Nr. 93 BRIEF VAN DE MINISTER VAN DEFENSIE

Aan de Voorzitter van de Tweede Kamer der Staten-Generaal

Den Haag, 7 april 2011

Inleiding

Hierbij bied ik u de personeelsrapportage van Defensie aan met de stand van 31 december 2010. Deze rapportage geeft een overzicht van de ontwikkelingen van de personeelslogistieke keten in de periode van 1 januari 2010 tot en met 31 december 2010 en de daaruit resulterende vullings- en bestandsopbouw. Waar relevant wordt een vergelijking gemaakt met de Personeelsrapportage 2009 van 19 maart 2010 (Kamerstuk 32 123 X, nr. 112).

In de brief van 11 oktober 2010 (Kamerstuk 32 500 X, nr. 4) heeft mijn ambtsvoorganger uiteengezet dat Defensie onder meer maatregelen heeft genomen ter verkleining van de instroom van nieuw personeel.
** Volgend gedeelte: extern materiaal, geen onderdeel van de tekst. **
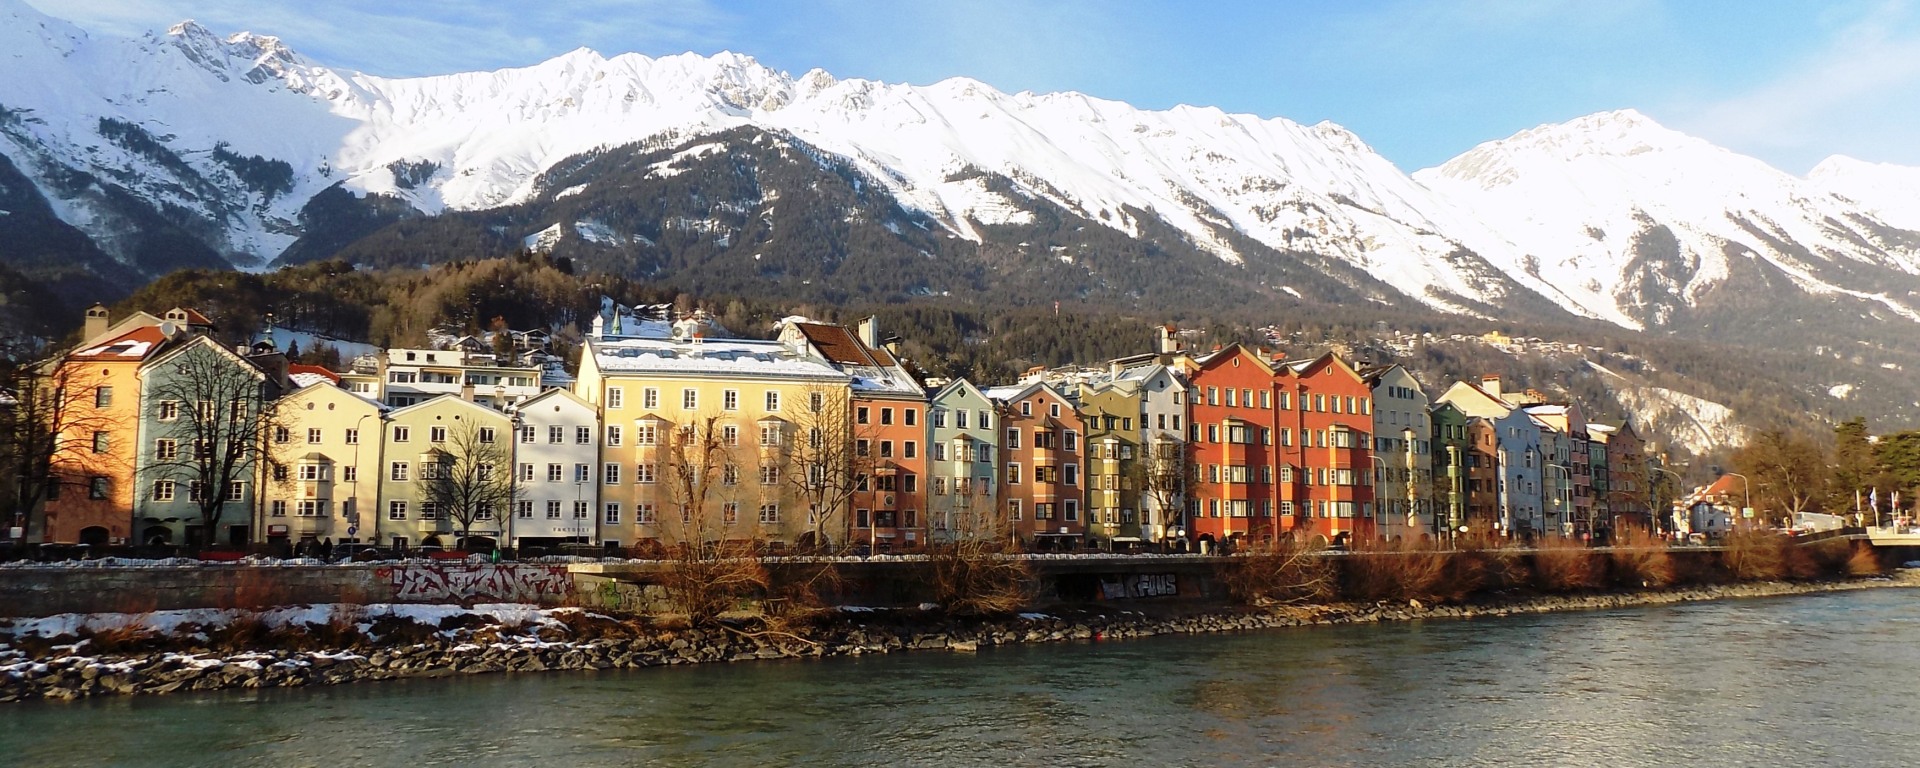 7 Jam Di Innsbruck

In mijn brief van 18 november 2010 (Kamerstuk 32 500 X, nr. 16) heb ik de Kamer geïnformeerd over de voorgenomen maatregelen naar aanleiding van de nota van wijzing op de defensiebegroting van 2011. Op personeelsgebied zijn in dit kader eind 2010 de volgende maatregelen genomen.

  • een verschuiving van een aantal opkomsten van 2010 naar 2011;

  • de stopzetting van sollicitaties die nog niet waren voltooid;

  • een beperking van de instroom van militair personeel in 2011 tot maximaal 1 700 personen;

  • een beperking in 2011 van de bevorderingruimte voor militair personeel;

  • een vacaturestop voor burgerpersoneel;

  • een verdere vermindering van formatieve inhuur.
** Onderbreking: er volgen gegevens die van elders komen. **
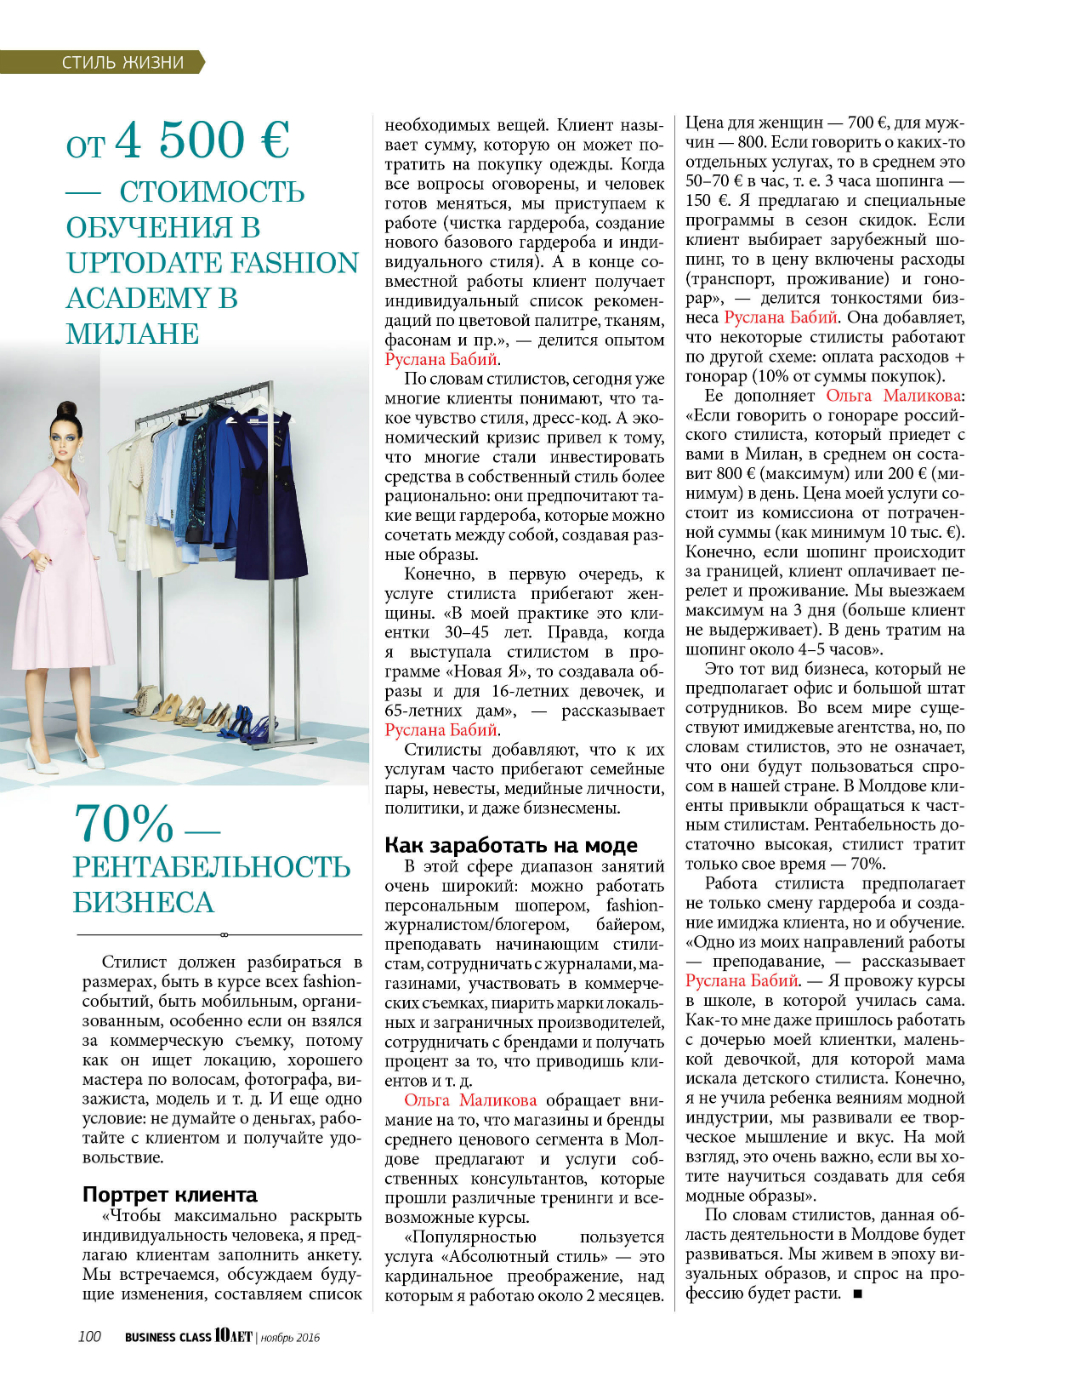 olga-malicova-business-class-magazine-3

De effecten van een deel van deze maatregelen zijn in deze rapportage zichtbaar. Zo is de belangstelling voor een baan bij Defensie gedaald en is de omvang van het totale personeelsbestand in 2010 licht afgenomen.

Instroom

De instroom van militair personeel is verminderd door opkomsten te verschuiven van 2010 naar 2011 en aan het einde van 2010 lopende sollicitatieprocedures stop te zetten. Hierdoor is het militaire personeelsbestand in heel 2010 slechts met 21 VTE’n toegenomen.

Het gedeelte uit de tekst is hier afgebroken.